The projections also point to a significant deterioration in labor indicators in 2020. The unemployment rate is expected to reach around 11.5%, marking an increase of 3.4 percentage points versus 2019 (8.1%). Thus, the number of unemployed persons in the region would rise to 37.7 million. Furthermore, the elevated participation of Small and Medium-sized Enterprises (SMEs) in job creation (more than 50% of formal employment) increases the negative impact, since this sector has been harshly affected by the crisis, while gender inequality will accentuate with measures such as school closures, social isolation and greater numbers of people who are ailing, since the burden of unpaid work borne by women will increase.
At the same time, the -5.3% drop in GDP and the rise in unemployment will have a direct negative effect on the income of households and on their possibilities for obtaining enough resources to meet basic needs. In that context, the poverty rate in the region is seen increasing by 4.4 percentage points in 2020, rising from 30.3% to 34.7%, which means that 29 million more people will find themselves in situations of poverty. Meanwhile, extreme poverty is seen rising by 2.5 percentage points, going from 11.0% to 13.5%, which represents an increase of 16 million people.
“The leaders of the G20 should be in favor of multilateral organizations making loans at favorable interest rates and alleviating the debt of countries that are highly indebted, deferring it or forgiving it. If that does not occur, the payments will be impossible and fiscal space will be compromised. Exceptional measures are required to confront an unprecedented crisis. There will be no progress without international cooperation and solidarity,” Alicia Bárcena underscored.

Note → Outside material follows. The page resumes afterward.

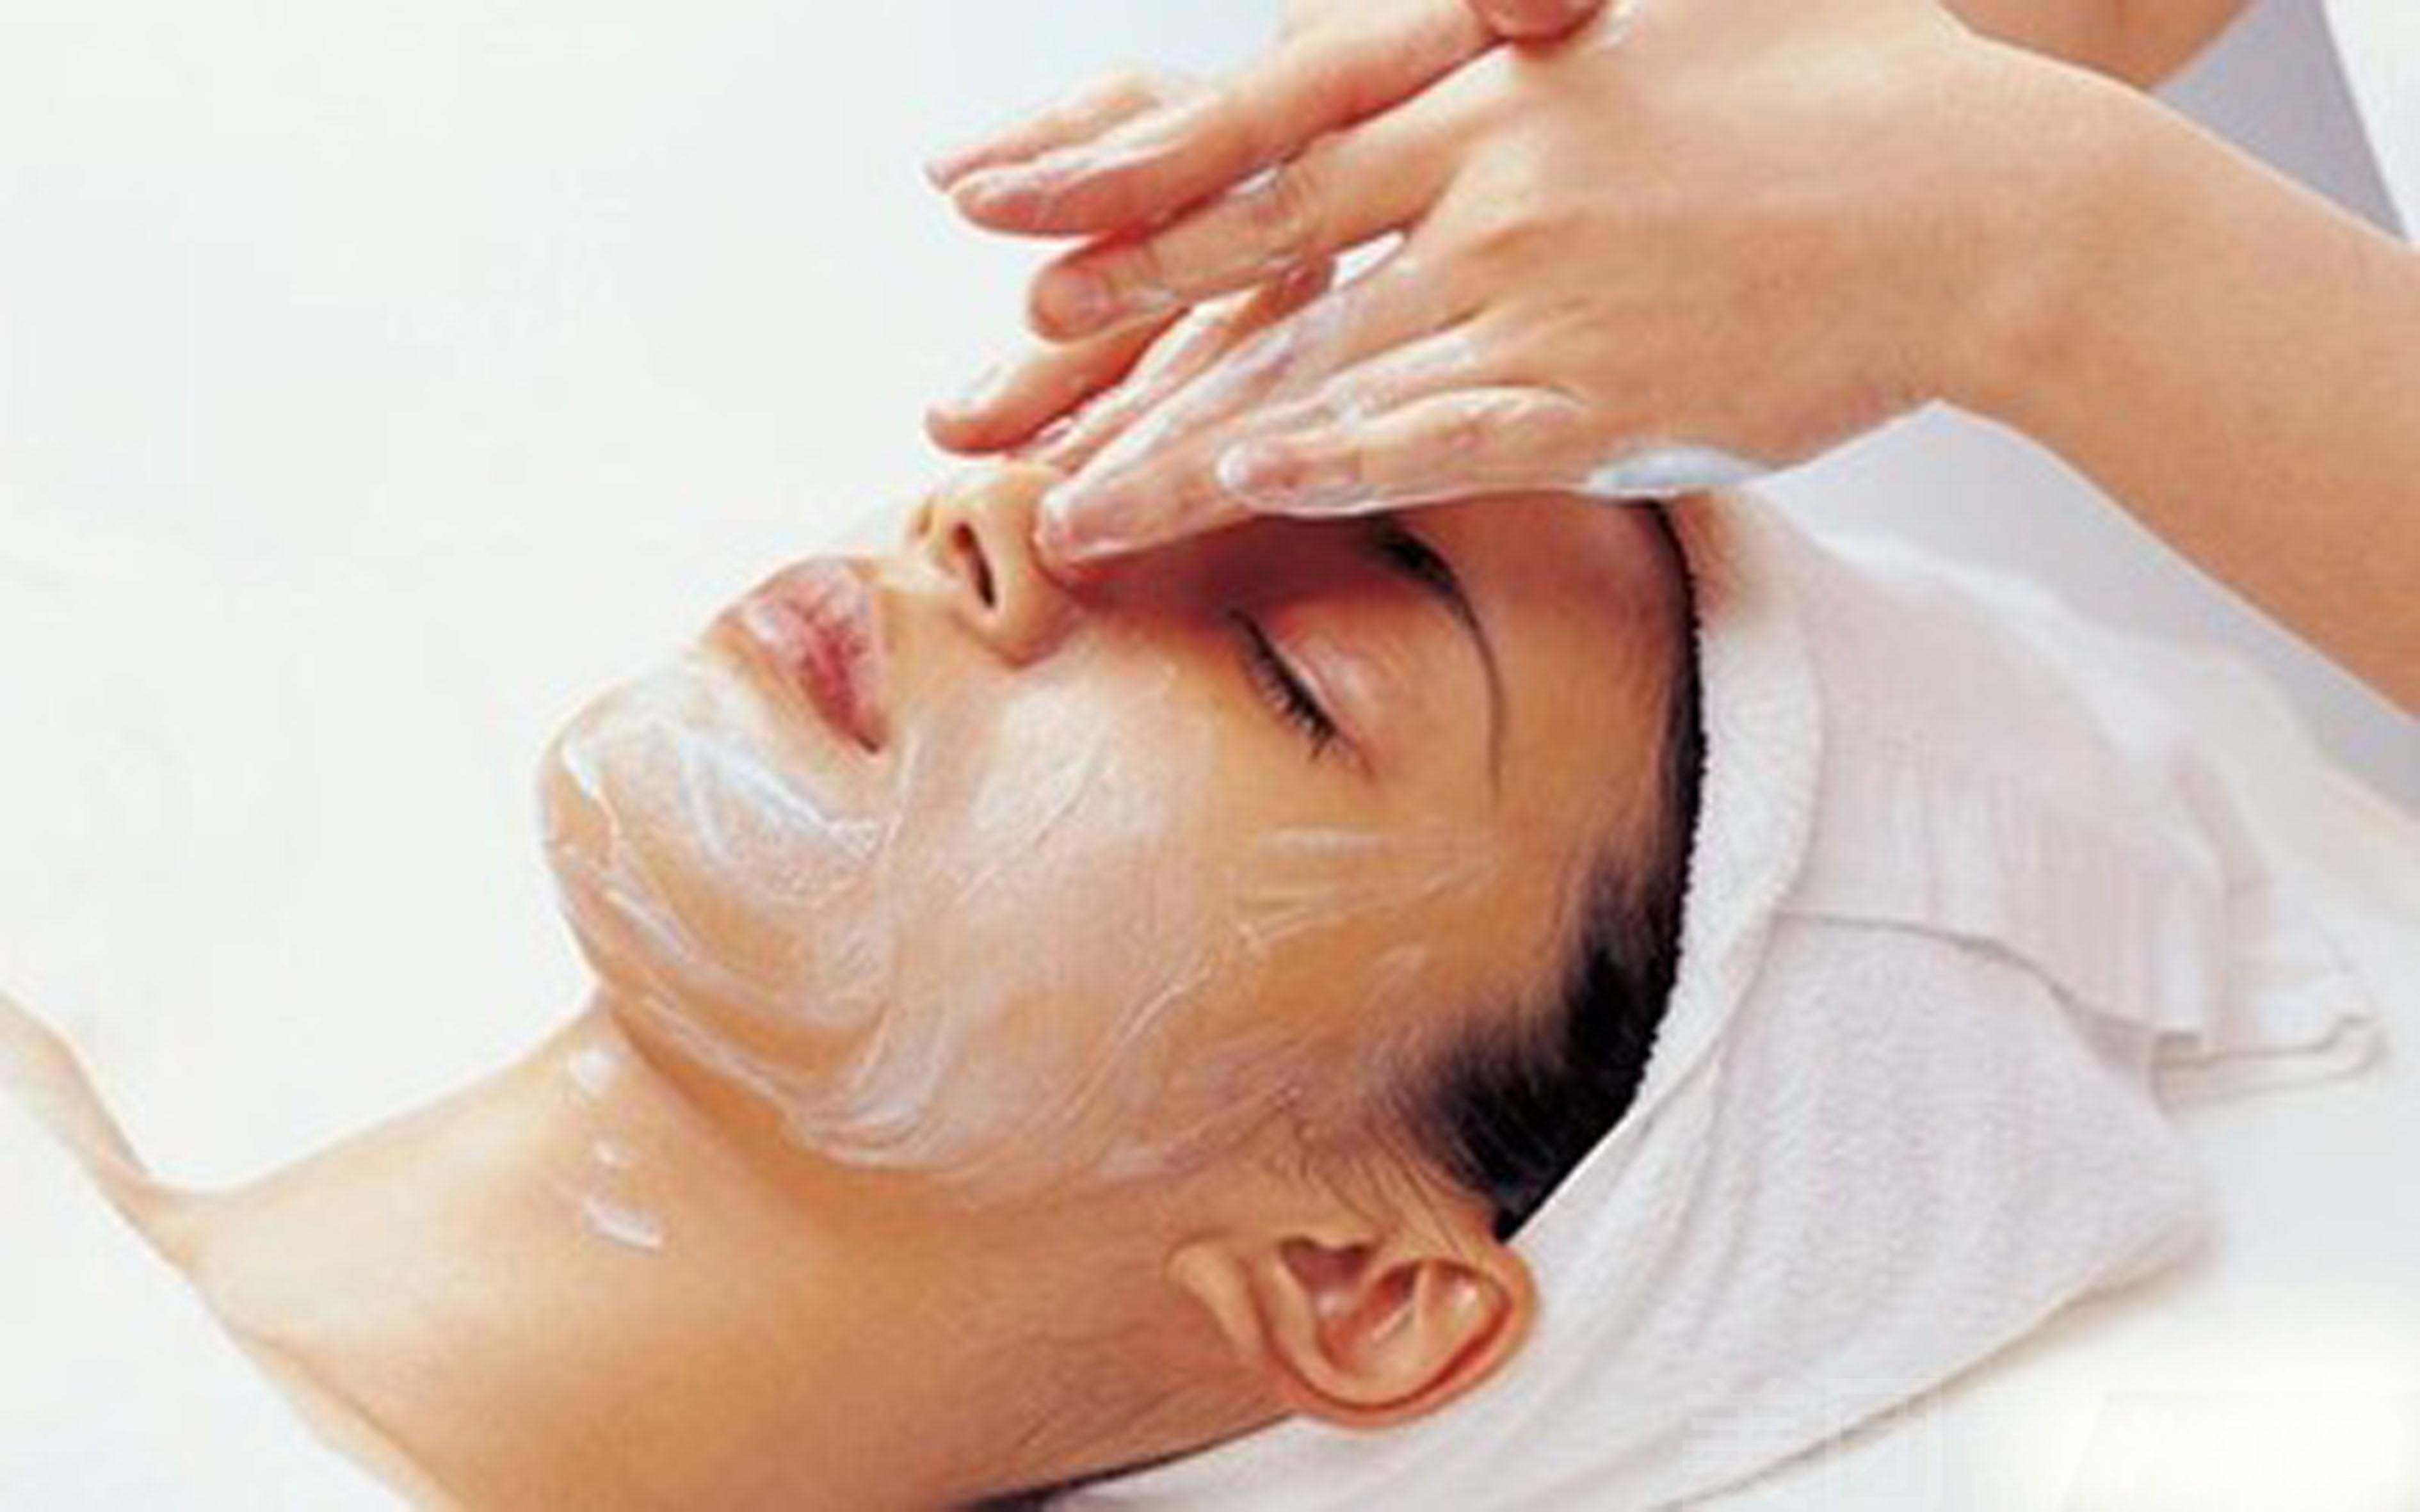 女人脸上长斑不一定是皮肤作怪 可能身体出现了问题

According to the report, this crisis in production will usher in changes that will outlast the health pandemic. Greater resilience in production networks will be needed, diversifying suppliers in terms of countries and companies, favoring locations that are closer to final consumption markets (nearshoring), and relocating strategic production-related and technological processes (reshoring). Companies are already adapting their internal operations to social distancing measures, accelerating the trend towards automation and digitalization, and an intensification of multilateralism’s fragility can be seen. ECLAC adds that while globalization will not be rolled back, there will be a more regionalized global economy centered around three poles: Europe, North America and East Asia.

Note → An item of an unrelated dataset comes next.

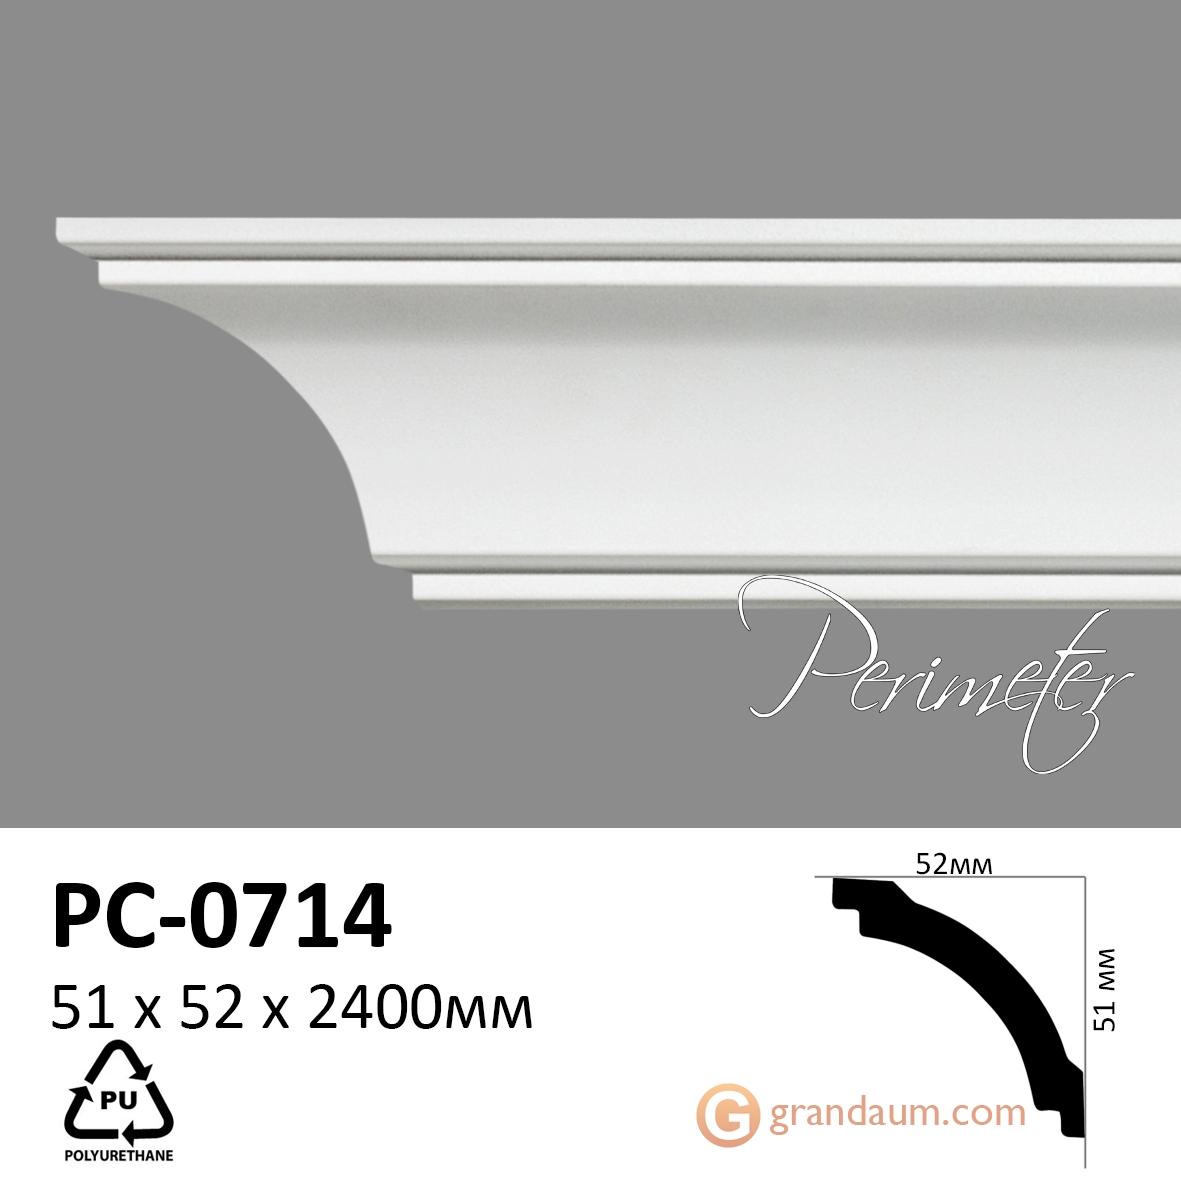 Карниз с гладким профилем Perimeter PC-0714

“We must prepare for the post-COVID-19 world. We must think about the region’s future in the new economic geography given the elevated dependence on imported manufactured goods,” Bárcena indicated. “Industrial policies are needed that would allow the region to strengthen its production capacities and create new capacities in strategic sectors.”
“To have an impact in the new global economy, the region must move towards greater regional integration in terms of production, trade and technology. Our countries’ coordination on macroeconomic and production matters is crucial for negotiating the terms of the new normal, particularly with regard to an urgent aspect of the current crisis and in the medium term: the issue of financing for a new development pattern with equality and environmental sustainability,” ECLAC’s highest authority stated.